Затем я обратился к испытанию себя в самом наиважнейшем моменте человеческих грехопадений, в устном словоизвержении, но здесь почувствовал себя еще легче. «Язык мой — враг мой», — говорит пословица. Я мог бы сказать: «Язык мой — друг мой». Несмотря на мою словоохотливость и веселость, в жизни моей мне случалось терпеть неприятности от промахов умолчания, но никогда от словесной распущенности. Всю важность этого качества, которому я прежде не давал никакой цены, я понял только в последнее десятилетие. Трудно представить себе общество, где бы болезнь языконеистовства была так сильно развита и похищала столько жертв, как у нас. Целые политические процессы у нас велись и ведутся из-за словоизвержения, — и сколько погибло от этого сил! Есть люди, которые не могут хранить в себе ни одной зародившейся в их голове мысли, ни одного известия, услышанного от других. Пока они не опорожнятся, то есть не расскажут того, что у них имеется, по крайней мере пяти человекам, каждому особо, они не могут быть спокойны.
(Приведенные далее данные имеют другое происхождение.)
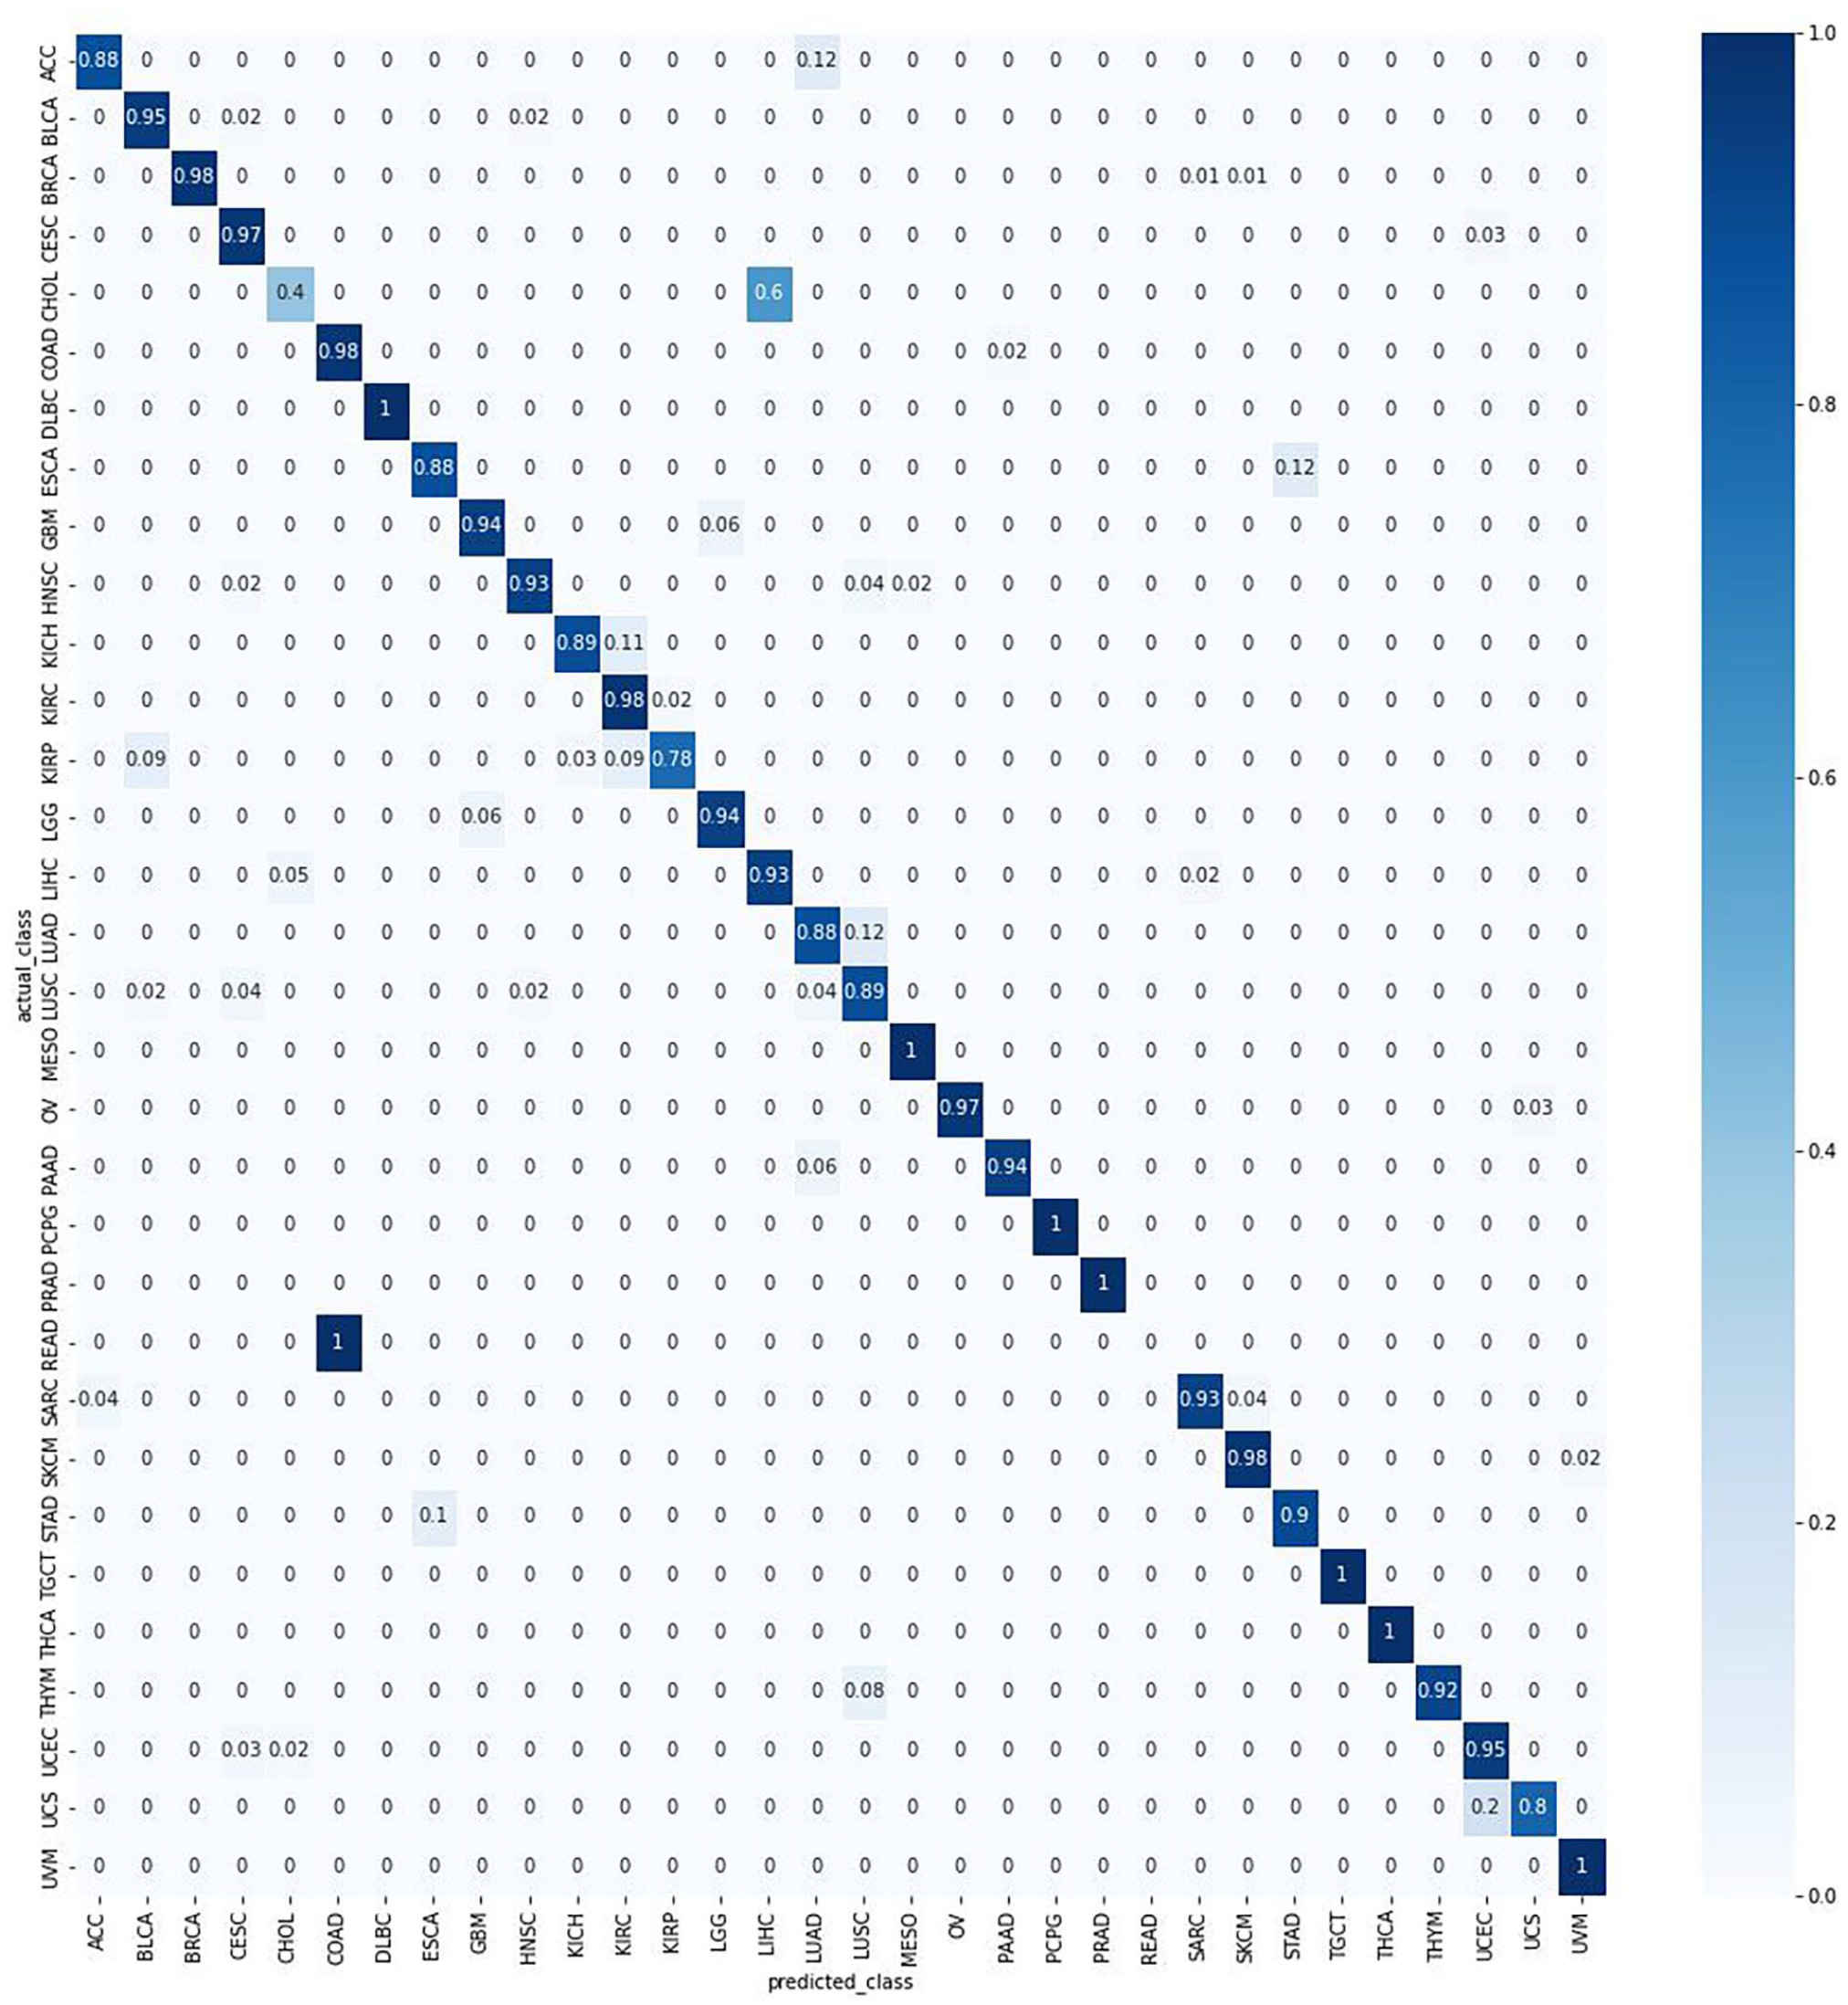 Confusion matrix of accuracy for 32 primary tumor types (X axis) and protein coding genes (Y axis). For the CNN-32 and CNN-32-PC models, the test accuracy was above 80% for 28 and 29 primary tumor types respectively and 90% for 25 primary tumor types. The primary tumor types with an accuracy of below 80% shared between both models include CHOL at 40% and READ at 0%.

Даже когда они, по-видимому, твердо решаются не говорить чего-нибудь другим, вообще сохранить, тайну, они не могут этого сделать. Их лицевые мускулы и нервы, их телодвижения изменяют им. Сейчас видно, что их что-то прет изнутри и требует немедленного опорожнения. Ужасное несчастие!

Оставалось еще испытать себя относительно грехопадений по части литературы. Но, вступая в эту область, я чувствовал под своими ногами уже твердую почву. Во-первых, литература — дело публичное, совершаемое открыто перед всеми; во-вторых, за нею следят столько официальных надзирателей и столько литературных любопытных консерваторов, что в ней невозможно совершить преступления, если бы и хотел; в-третьих, для преступлений литературных существует особый следственный и судебный процесс * , от которого никогда не отступают, да и отступить трудно, ибо литература — дело тонкое и преступление ее может понимать только специалист.

Получив из самого строгого самоиспытания такие блестящие результаты, я сделался так доволен, что готов был прыгнуть от радости. Во мне явилась потребность немедленно излиться в благодарных чувствах.

В это время вошла в кабинет подруга моей жизни и, увидев меня, каким не видала уже много дней, веселым и беззаботным, спросила:

— Что с тобой?

— Ничего, — отвечал я. — А знаешь что, сегодня погода отличная. Не прокатиться ли нам? Кстати заехали бы в Казанский собор, помолились.